Friday, March 30, 2012

Puzzled by Query Plan

I'm hoping somebody can explain exactly what's going on here - I can't
find it documented anywhere.

Go to the Northwind database, and run the following SQL:

create index IX_UnitPrice on [order details](unitprice)

Now, turn on SHOWPLAN (either graphical or text, it doesn't matter),
and run the following query:

select * from [order details]
where unitprice = 2

Output:

StmtText
|--Index Seek(OBJECT: ([Northwind].[dbo].[Order
Details].[IX_UnitPrice]), SEEK: ([Order
Details].[UnitPrice]=Convert([@.1])) ORDERED FORWARD)

Now, alter the SARG slightly by making it a float:

select unitprice from [order details]
where unitprice = 2.000

Output:

StmtText
|--Nested Loops(Inner Join, OUTER REFERENCES: ([Expr1003], [Expr1004],
[Expr1005]))
|--Compute Scalar(DEFINE: ([Expr1003]=Convert(Convert([@.1]))-1.00,
[Expr1004]=Convert(Convert([@.1]))+1.00, [Expr1005]=If
(Convert(Convert([@.1]))-1.00=NULL) then 0 else 6|If
(Convert(Convert([@.1]))+1.00=NULL) then 0 else 10))
| |--Constant Scan
|--Index Seek(OBJECT: ([Northwind].[dbo].[Order
Details].[IX_UnitPrice]), SEEK: ([Order Details].[UnitPrice] >
[Expr1003] AND [Order Details].[UnitPrice] < [Expr1004]), WHERE:
(Convert([Order Details].[UnitPrice])=Convert([@.1])) ORDERED FORWARD)

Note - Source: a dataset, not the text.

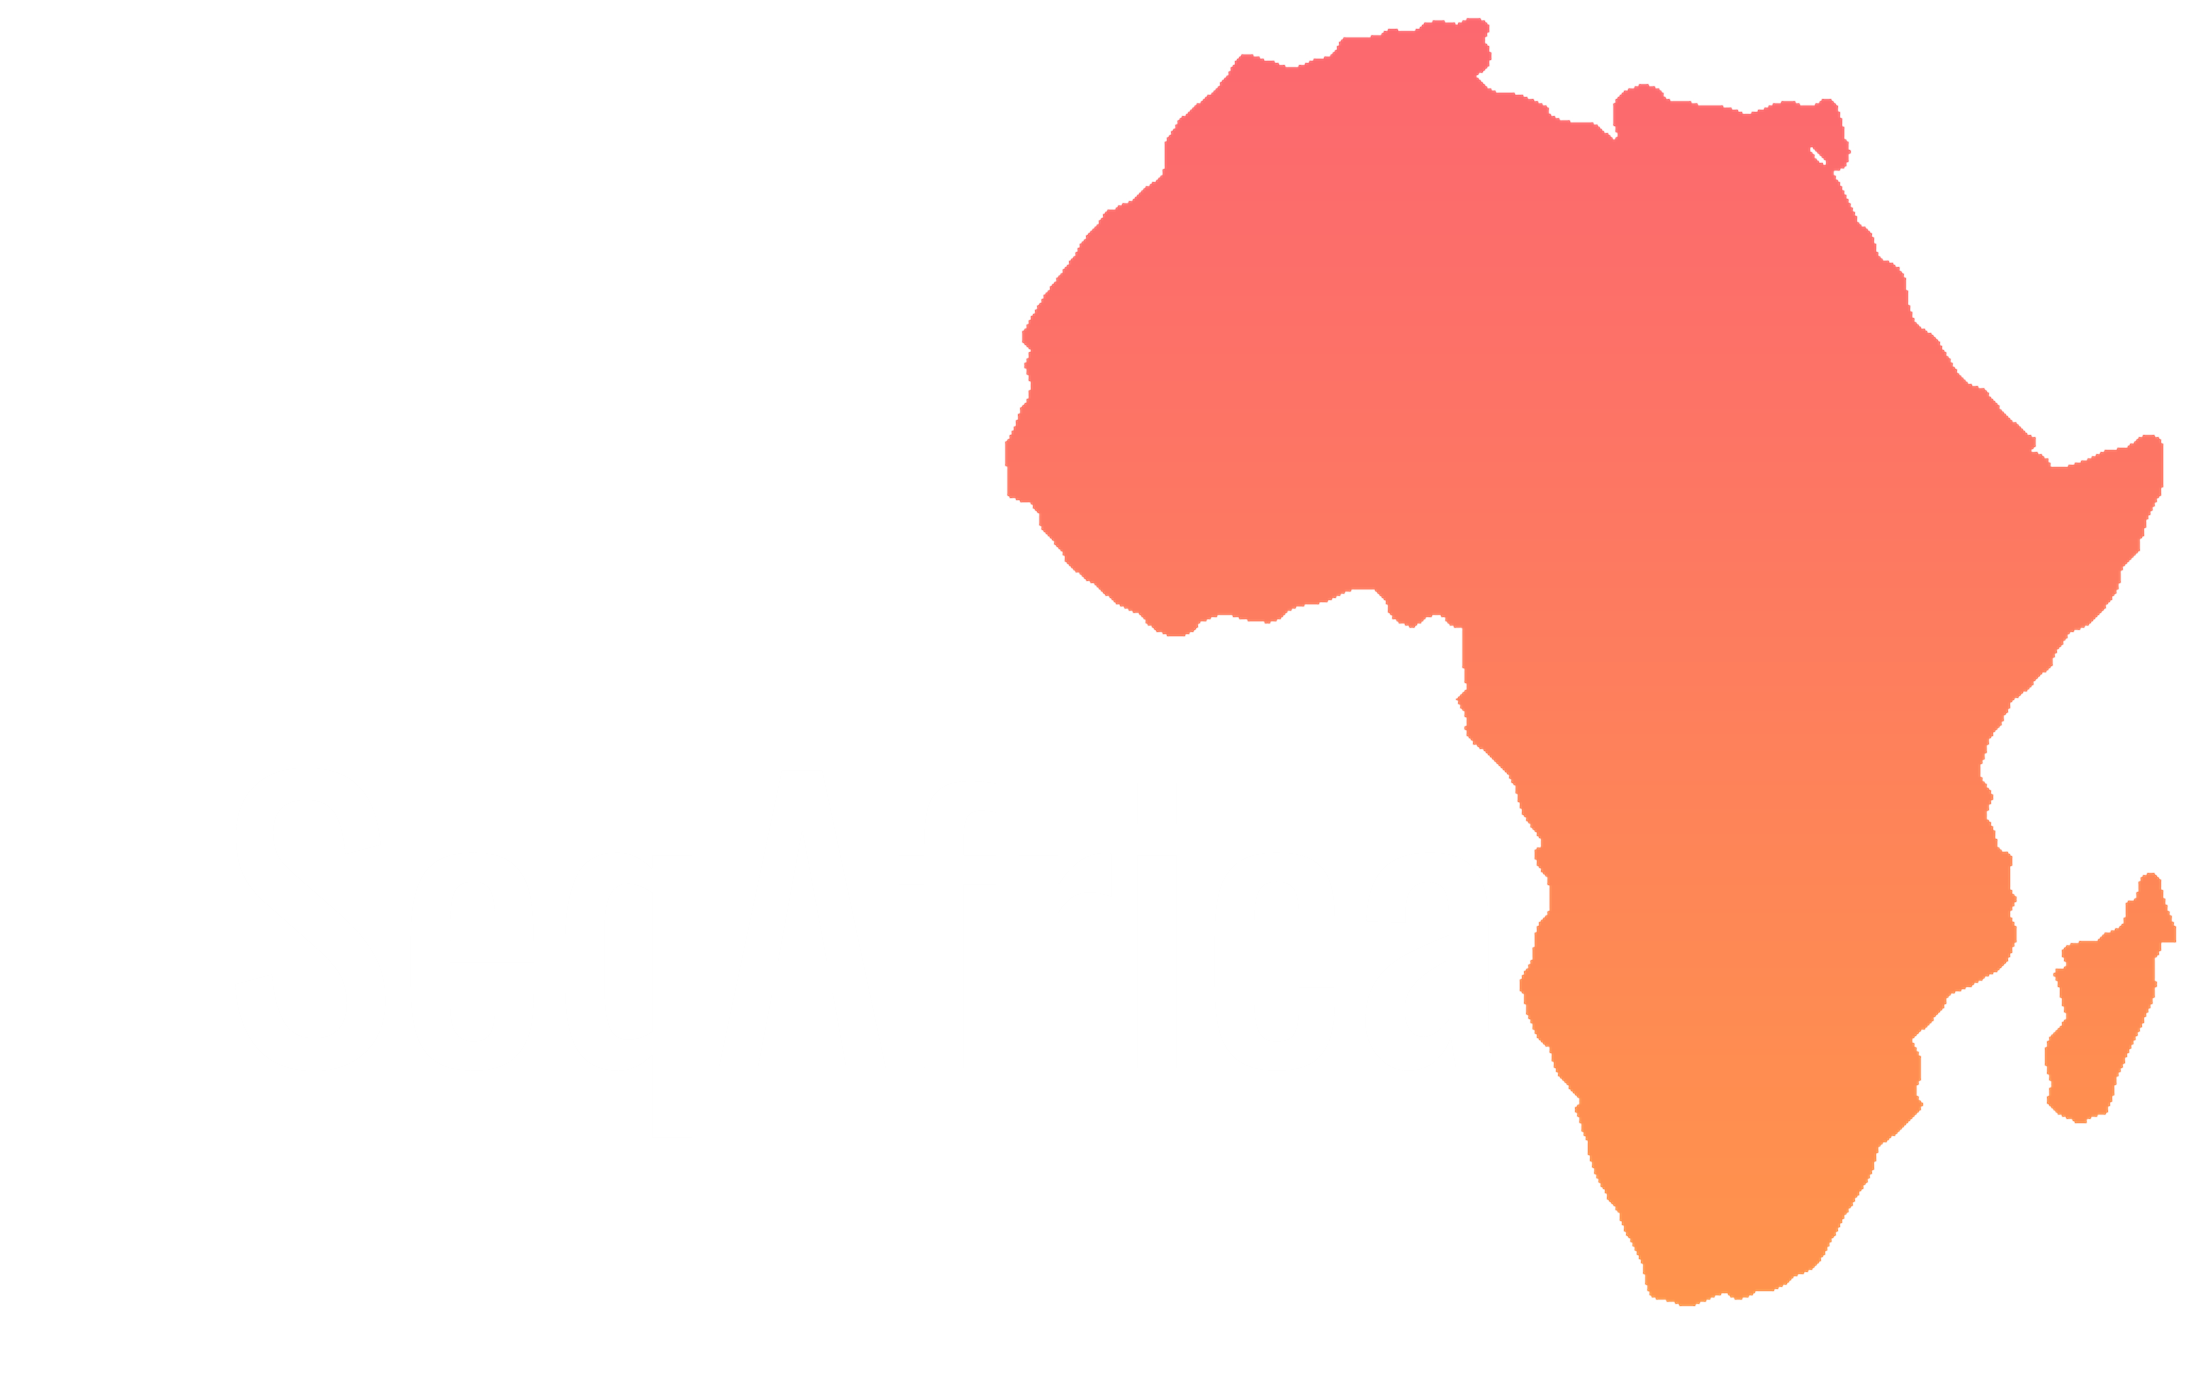 Kort over Africa

Right. I understand that in both cases the SARG datatype is different
from the column datatype (which is money), and that in the first
example the SARG constant gets implicitly converted from int -> money
(following the datatype hierarchy rules), and so the index can still
be used.

In the second example, the datatype hierarchy dictates that money is
lower than float, so the table column gets implicitly converted from
money -> float, which strictly speaking disallows the use of the index
on that column.

What I DON'T understand is what exactly all that gubbins about the
expressions (especially the definition of [Expr1005] is all about; how
does that statement decide whether Expr1005 is going to be NULL, 6, or
10?

I'm soon going to be giving some worked tutorials on index selection
and use of Showplan to our developers, and being a bolshi lot they're
bound to want to know exactly what all that output means. I'd rather
be able to tell them than to say I don't actually know!

How about it someone?

Thanks,

Phil"Philip Yale" wrote:

<snip
> select unitprice from [order details]
> where unitprice = 2.000
> Output:
> StmtText
> |--Nested Loops(Inner Join, OUTER REFERENCES: ([Expr1003], [Expr1004],
> [Expr1005]))
> |--Compute Scalar(DEFINE: ([Expr1003]=Convert(Convert([@.1]))-1.00,
> [Expr1004]=Convert(Convert([@.1]))+1.00, [Expr1005]=If
> (Convert(Convert([@.1]))-1.00=NULL) then 0 else 6|If
> (Convert(Convert([@.1]))+1.00=NULL) then 0 else 10))
> | |--Constant Scan
> |--Index Seek(OBJECT: ([Northwind].[dbo].[Order
> Details].[IX_UnitPrice]), SEEK: ([Order Details].[UnitPrice] >
> [Expr1003] AND [Order Details].[UnitPrice] < [Expr1004]), WHERE:
> (Convert([Order Details].[UnitPrice])=Convert([@.1])) ORDERED FORWARD)
>
> Right. I understand that in both cases the SARG datatype is different
> from the column datatype (which is money), and that in the first
> example the SARG constant gets implicitly converted from int -> money
> (following the datatype hierarchy rules), and so the index can still
> be used.
> In the second example, the datatype hierarchy dictates that money is
> lower than float, so the table column gets implicitly converted from
> money -> float, which strictly speaking disallows the use of the index
> on that column.
> What I DON'T understand is what exactly all that gubbins about the
> expressions (especially the definition of [Expr1005] is all about; how
> does that statement decide whether Expr1005 is going to be NULL, 6, or
> 10?

<snip
Phil,

It appears that SQL Server is converting your float SARG to 2 money scalars
(SARG - 1 and SARG + 1) so that it can perform an index seek with money
types and still handle loss of precision and floating point rounding. The
second part of the seek (listed as the WHERE) then converts the index values
to float: this way it doesn't have to convert the table column until after a
seek has been performed. Pretty smart if you ask me...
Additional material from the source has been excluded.